= Yahad Ostracon =

The Yahad Ostracon is a controversial ostracon (text-bearing potsherd) that was found at the ruins of Qumran in 1996. The editors who published the text claimed that it contained the Hebrew word yahad ( yāḥaḏ). This word is also used in a number of the Dead Sea Scrolls, where it has usually been translated as "community", and is generally taken to be a self-reference to the group responsible for the scrolls in which it appears (and, by extension, the corpus as a whole). The presence of this unusual term in both the scrolls (found in the nearby caves) and on the ostracon (found at the ruins themselves) would connect the scrolls to the settlement at Qumran.

==Ostracon==
James F. Strange of the University of South Florida led an excavation which examined an area just outside the eastern wall of the settlement. One of the volunteers came upon the piece of ceramic and immediately lifted it out of its context to notice that there was writing on the other side. Strange had been removing dump material from a previous excavation with the aim to reach virgin soil, so the ostracon was found close to the original soil level. Further examination revealed a second piece. The ostracon yielded eighteen lines of text, though much of the latter part is extremely fragmentary.

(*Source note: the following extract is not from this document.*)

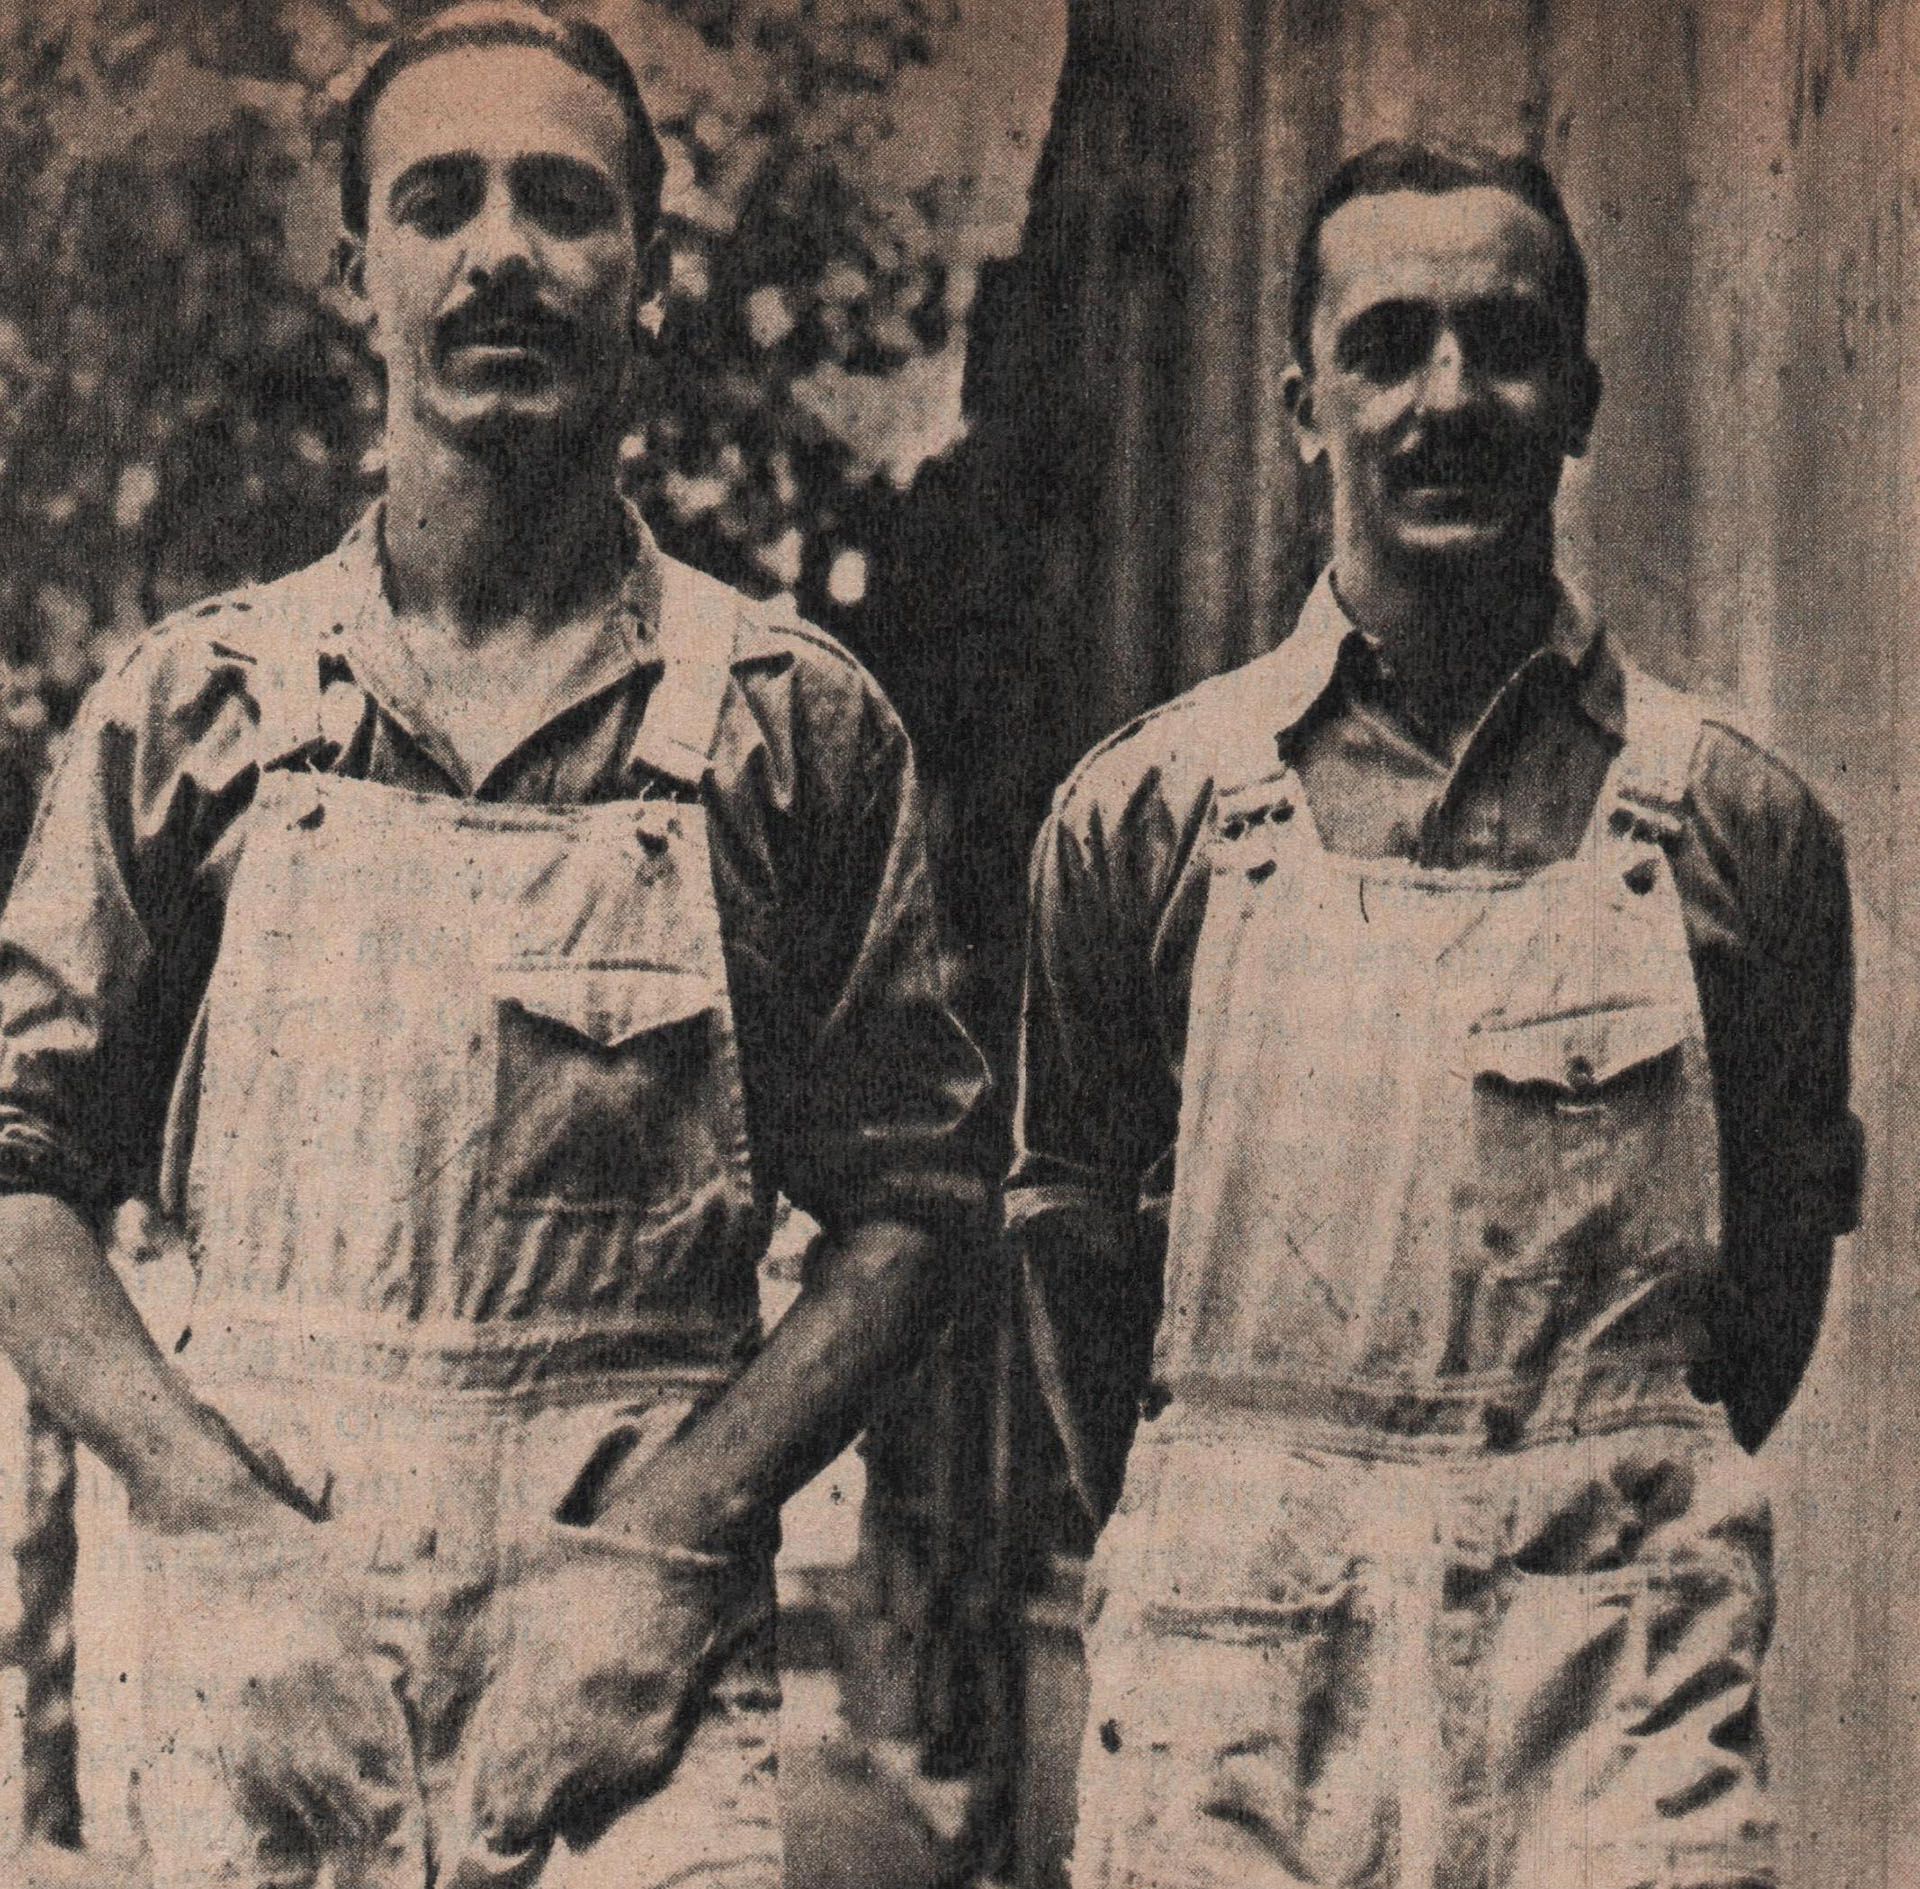 Los hermanos Gálvez: Oscar (der) y Juan (izq.). Crédito: Archivo CORSA.

In 1997 Frank Moore Cross and Esti Eshel published the text with drawing, transcription and translation. "According to the editors' interpretation, a certain man named Ḥoni gave his slave Ḥisday, his home, fig and olive trees to Eleazar, the treasurer or bursar of the Qumran community." This was a dramatic link between the site of Qumran and the scrolls themselves, which talk about this community, usually referred to as the Yahad. As Cross and Eshel put it, "The word Yahad, which appears on this ostracon, establishes the connection between Khirbet Qumran and the scrolls which were found in the nearby caves."

==Line 8 and yahad==
Cross and Eshel translated line 8 thus: "when he fulfills (his oath) to the Community (ie yahad)". "If the reading lyḥd is correct – and it seems without serious objection (the dalet at the edge of the ostracon is certain) – we must suppose that the reference is to Honi's fulfilling his vow and entering the Community at Qumran, or to his fulfilment of his year as a neophyte, after which he assigns all of his estate to the community."

The publication immediately provoked controversy because not only did the transcription include the word yahad, but most who looked at photos of the original artifact could not see the letters that Cross and Eshel saw that should make up the word. This provoked various scholarly published responses. Yardeni translated the line "and every oth[er(?)] tree", the word "other" ( ’aḥêr) being placed last in Hebrew word order and instead of Cross and Eshel's certain dalet Yardeni posited a resh, which is similar in form. More problematic is the first letter which Yardeni reads as an alef. Golb published a brief comment advocating that the first two letters appear to be a gimel or nun and an alef (rather than a rare form of het, ), while it was a moot point whether the third letter was "the upper min [sic] portion of a daleth". F.H. Cryer also published a differing opinion on the ostracon. Most scholars agree that the text was a deed and the majority of those accept that it was a deed of gift. Few see any reference to the Yahad.

In 2000 Cross and Eshel published the ostracon in volume 36 of the Discoveries in the Judaean Desert (DJD) series with the yahad reading intact, despite the scholarly disapproval which had been aired since the initial publication in 1997.